Generates a linkage disequilibrium (LD) data set from SNP data.

linkageDiseq(
  tasObj,
  ldType = c("SlidingWindow", "All"),
  windowSize = NULL,
  hetCalls = c("missing", "ignore", "third"),
  verbose = TRUE
)

Arguments

tasObj

An object of class TasselGenotypePenotype that contains a genotype table.

ldType

How do you want LD calculated? Currently, the available options are "All" and "SlidingWindow". If All is selected, LD will be calculated for every combination of sites in the alignment (NOTE: this may produce a massive series of combinations; use only on heavily filtered genotype tables). If SlidingWindow is selected, LD will be calculated for sites within a window of sites surrounding the current site.

windowSize

What size do you want your LD analysis window? If you have chosen SlidingWindow for the ldType parameter, you will need to specify window size.

hetCalls

How should heterozygous calls be handled? Current options are "ignore" (ignore altogether), "missing" (set to missing), and "third" (treat as third state).

verbose

Display messages? Defaults to TRUE.

Value

Returns a DataFrame-based data frame.

Details

Linkage disequilibrium between any set of polymorphisms can be estimated by initially filtering a genotype dataset and then using this function. At this time, \(D'\), \(r^{2}\) and P-values will be estimated. The current version calculates LD between haplotypes with known phase only (unphased diploid genotypes are not supported; see PowerMarker or Arlequin for genotype support).

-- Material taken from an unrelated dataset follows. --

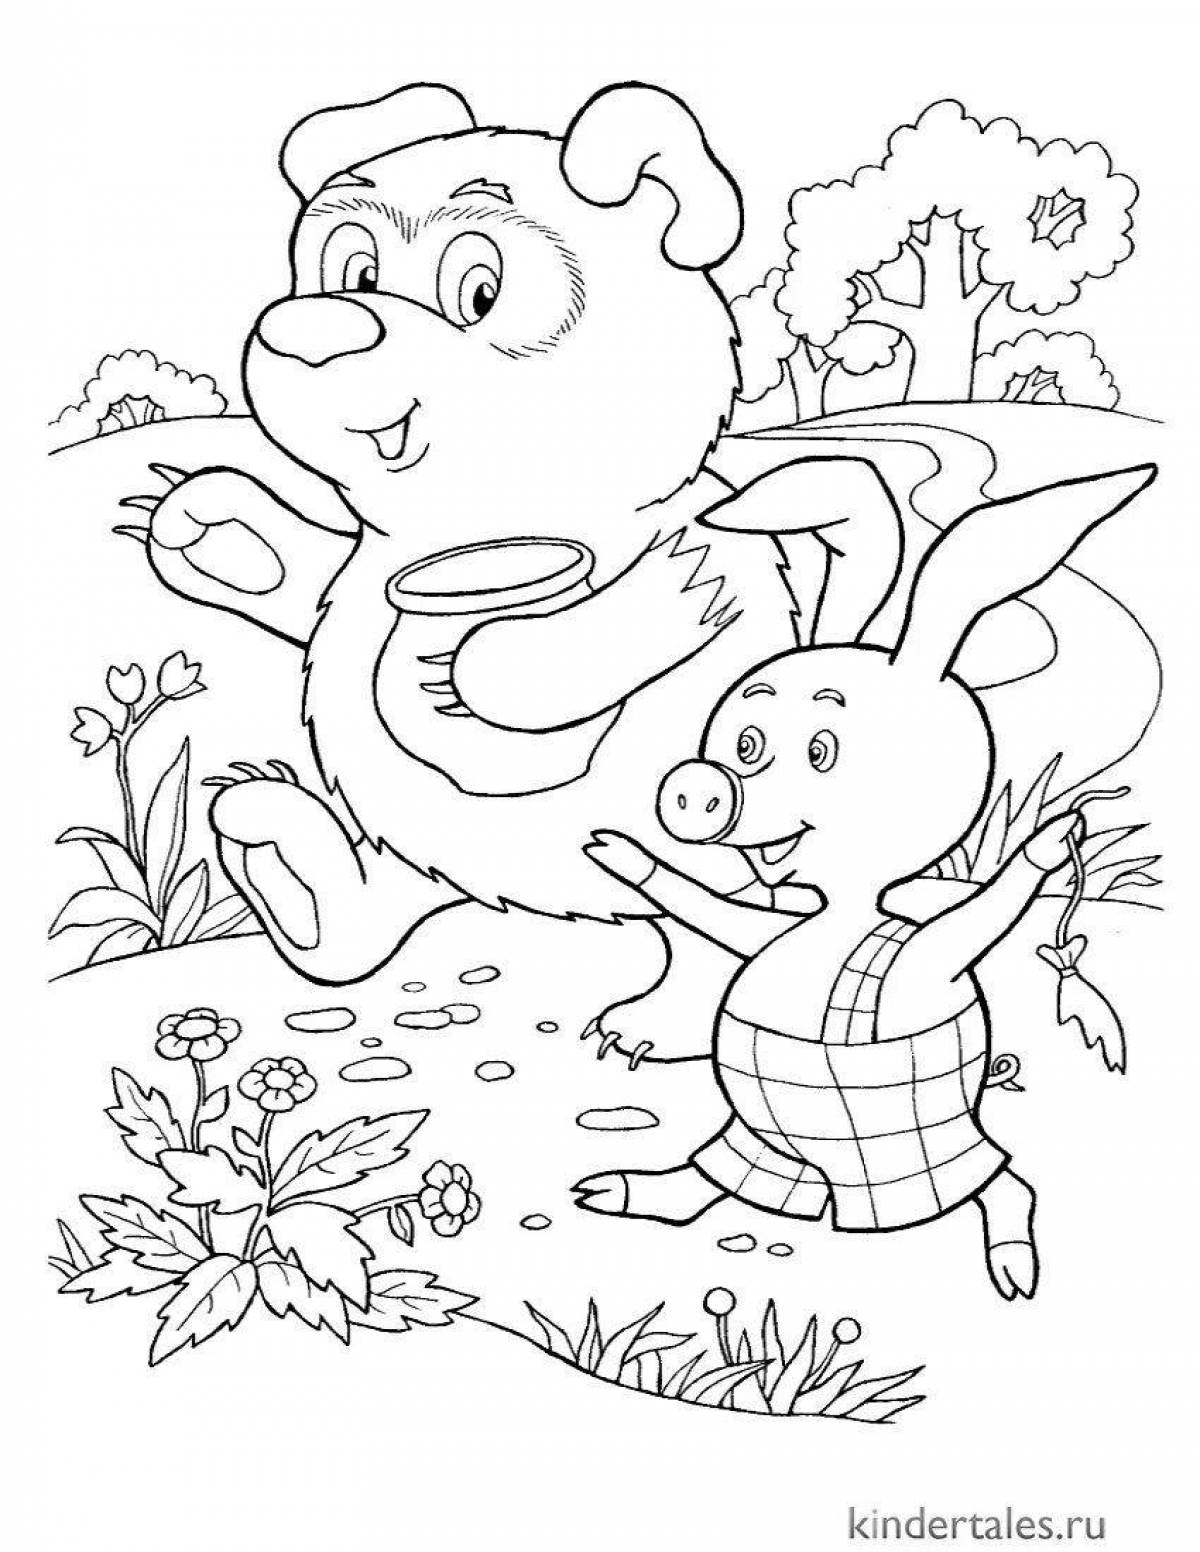 Cute Soviet coloring book for kids

  • \(D'\) is the standardized disequilibrium coefficient, a useful statistic for determining whether recombination or homoplasy has occurred between a pair of alleles.

  • \(r^{2}\) represents the correlation between alleles at two loci, which is informative for evaluating the resolution of association approaches.

\(D'\) and \(r^{2}\) can be calculated when only two alleles are present. If more than two alleles, only the two most frequent alleles are used. P-values are determined by a two-sided Fisher's Exact test is calculated. Since LD is meaningless when scored with very small sample sizes, a minimum of 20 taxa must be present to calculate LD and there must be 2 or more minor alleles.

See also

linkageDiseq, ldPlot